Imagine if recruiters were paid using the formula:

% of filled position salary / # of contacted recipients

This would encourage recruiters to contact only the best-fit(s) for the
position. While at the same time reducing the "spam" some of us receive on a
daily basis.

A win-win.

P.S. I understand it's nearly impossible to track the # of contacts.

------
georgemcbay
I get a lot of random recruiter pings, probably mostly because I don't bother
to do anything to proactively limit them (and I tend to use my real name on
forums, social networks, etc and will often post my real gmail address and
such).

But for me it doesn't seem like they are that big of a deal and the vast
majority of them I just completely ignore. If somebody emails me out of the
blue unprompted, I don't feel guilty about archiving their message away
without a response. And practically speaking, given the shotgun nature that
most of these emails come in on, the recruiter isn't even going to notice that
I didn't respond, let alone feel slighted by it.

Getting about an average of one easily-ignorable email per day trying to let
you know about an open job opportunity in your field is truly a high level
first world problem... one that a lot of people living in the first world in
other professions would likely be very happy to have.

------
fredophile
That article is missing a really key point. Being contacted by a recruiter is
not a job offer. It's an offer to begin the application process. People aren't
getting 30 job offers a month. They're getting offered the chance to submit 30
resumes, conduct 30 phone screens and finally 30 onsite interviews.

------
Bahamut
The recruiter emails are mostly awful.

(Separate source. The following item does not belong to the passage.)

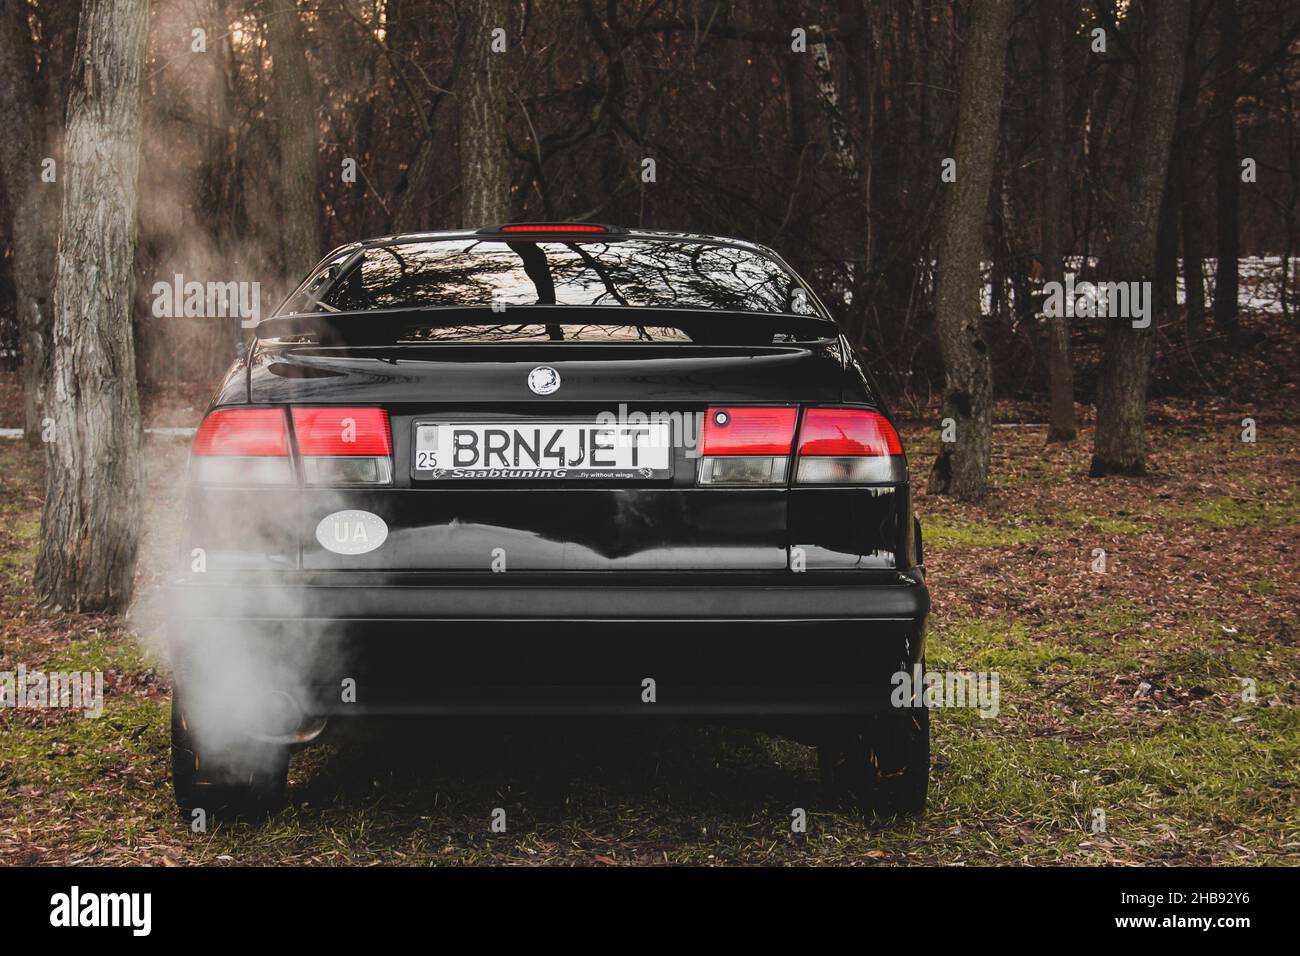 Chernihiv, Ukraine - March 20, 2021: Old Swedish car Saab 900 Turbo in the forest Stock Photo
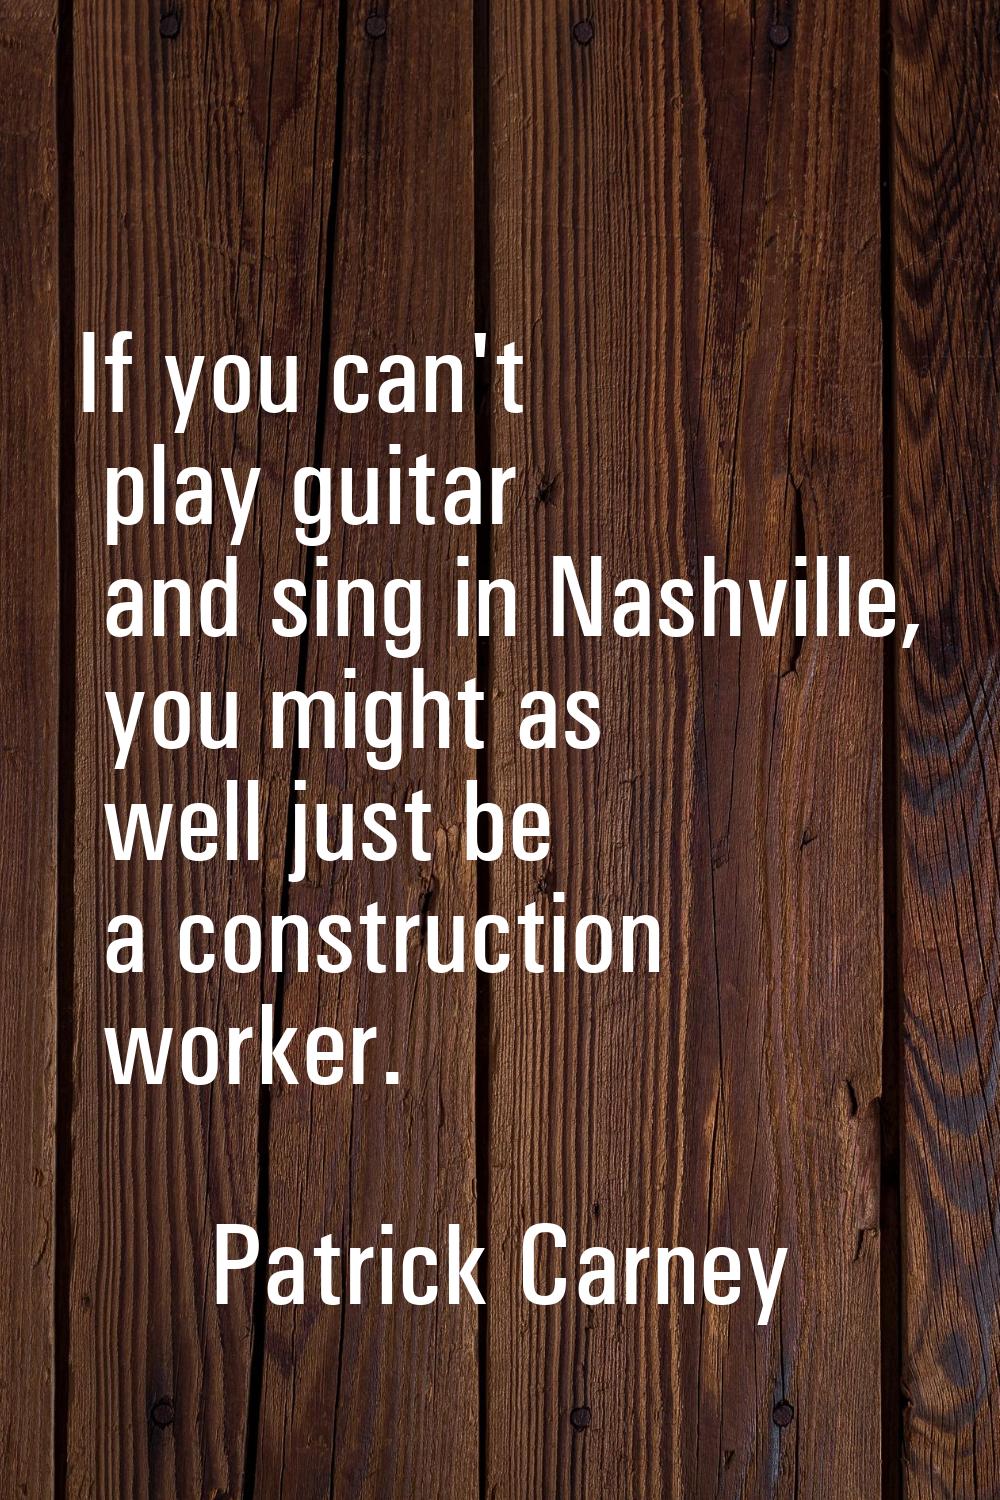 If you can't play guitar and sing in Nashville, you might as well just be a construction worker.

One of the worst was where a recruiter
emailed me three times about a position, each time getting more desperate and
ending with a title about how he will change my life.

On the flip side of things, a good recruiter did help me get my first job in
the tech industry, and I'm currently enjoying a great experience with another
recruiter who I met at several tech meetups in the area.

I keep a pretty low profile (excepting on github), and yet I get a few
attempts a day, whether via phone or email...personal or work, and my work
email isn't even publicly published as far as I'm aware. The spam has got to
end - it seems like these are low quality recruiters.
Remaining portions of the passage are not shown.